Data Flow: Certificate Lifecycle
1. Create Managed Certificate
sequenceDiagram
participant U as User / API Client
participant API as REST API
participant SVC as CertificateService
participant DB as PostgreSQL
participant AUD as AuditService
U->>API: POST /api/v1/certificates<br/>{name, common_name, sans, ...}
API->>SVC: Create(ctx, certificate)
SVC->>SVC: Validate required fields
SVC->>DB: INSERT INTO managed_certificates
SVC->>AUD: Create(audit_event: certificate_created)
AUD->>DB: INSERT INTO audit_events
SVC-->>API: ManagedCertificate
API-->>U: 201 Created + JSON body
2. Certificate Issuance
Agent-Side Key Generation (Default)
In the default agent keygen mode (CERTCTL_KEYGEN_MODE=agent), the control plane never touches private keys.
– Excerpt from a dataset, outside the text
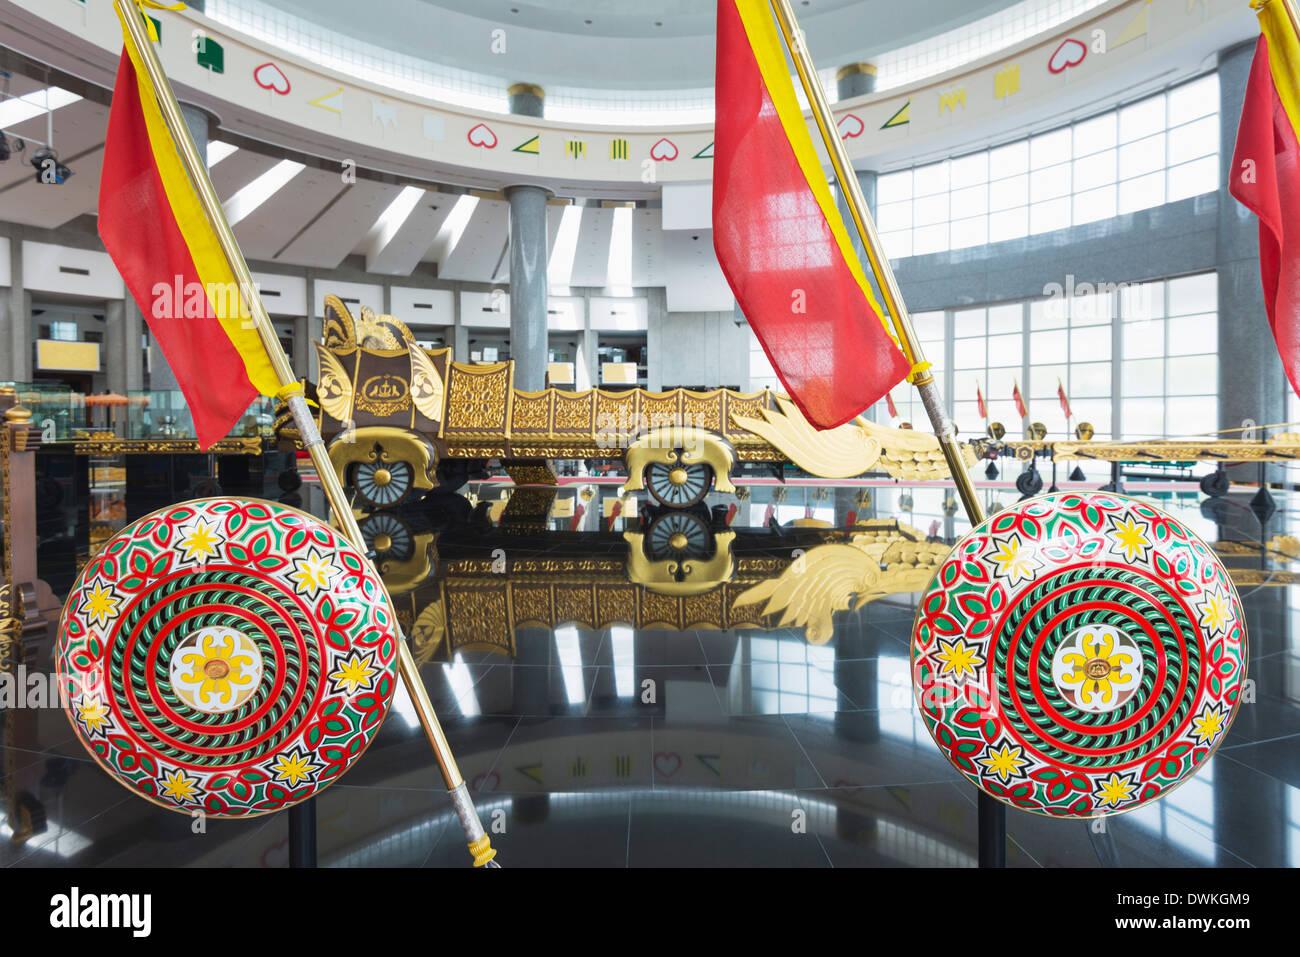 Royal Regalia Museum, Bandar Seri Begawan, Brunei, Borneo, Southeast Asia, Asia - Stock Image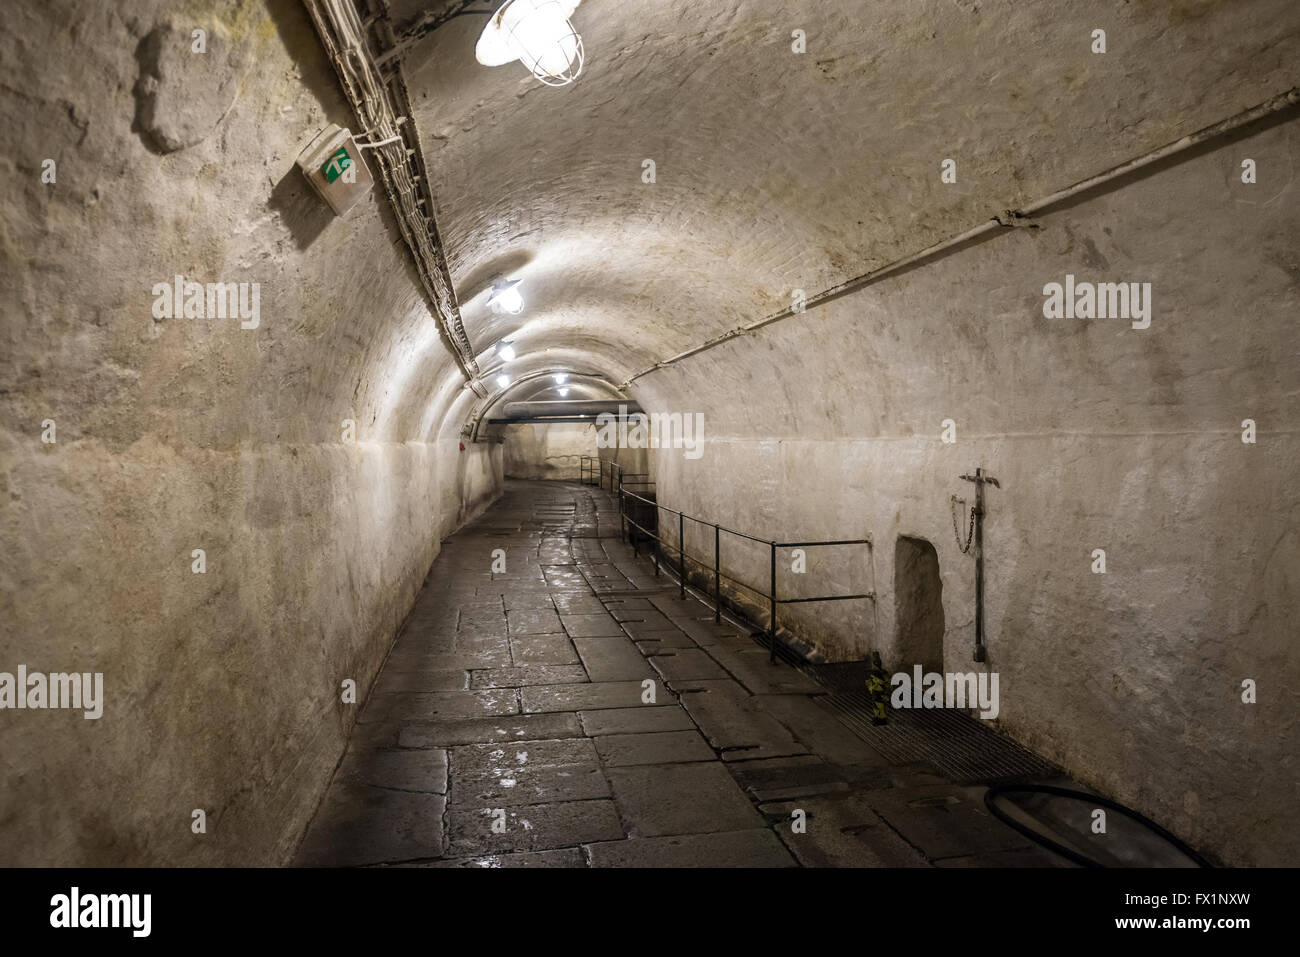 c7a994cfcbb806 Underground corridor in Pilsner Urquell Brewery in Pilsen city ...

When a renewal or issuance job is created, it enters AwaitingCSR state. The agent picks it up, generates an ECDSA P-256 key pair locally, and submits only the CSR (public key).
sequenceDiagram
participant S as Scheduler
participant SVC as RenewalService
participant DB as PostgreSQL
participant A as Agent
participant API as Control Plane API
participant ISS as Issuer Connector
S->>SVC: ProcessRenewalJob(job)
SVC->>DB: UPDATE job SET status='AwaitingCSR'
SVC->>DB: UPDATE cert SET status='RenewalInProgress'
A->>API: GET /agents/{id}/work
API-->>A: [{id, type:"Renewal", status:"AwaitingCSR", common_name, sans}]
A->>A: Generate ECDSA P-256 key pair
A->>A: Store key to CERTCTL_KEY_DIR/certId.key (0600)
A->>A: Create CSR with CN + SANs
A->>API: POST /agents/{id}/csr<br/>{csr_pem, certificate_id}
API->>SVC: CompleteAgentCSRRenewal(job, cert, csrPEM)
SVC->>ISS: RenewCertificate(CN, SANs, csrPEM)
ISS-->>SVC: IssuanceResult{cert_pem, chain_pem, serial}
SVC->>DB: INSERT INTO certificate_versions (PEM chain + CSR only)
SVC->>DB: UPDATE cert SET status='Active', expires_at
SVC->>DB: CREATE deployment jobs for targets
Note over A: Agent deploys using locally-held private key
Server-Side Key Generation (Demo Only)
Set CERTCTL_KEYGEN_MODE=server for development/demo with Local CA. The control plane generates RSA-2048 keys server-side. A log warning is emitted at startup.
sequenceDiagram
participant U as User / Scheduler
participant SVC as RenewalService
participant ISS as IssuerConnector
participant DB as PostgreSQL
U->>SVC: ProcessRenewalJob(job)
SVC->>SVC: Generate RSA-2048 key pair (server-side)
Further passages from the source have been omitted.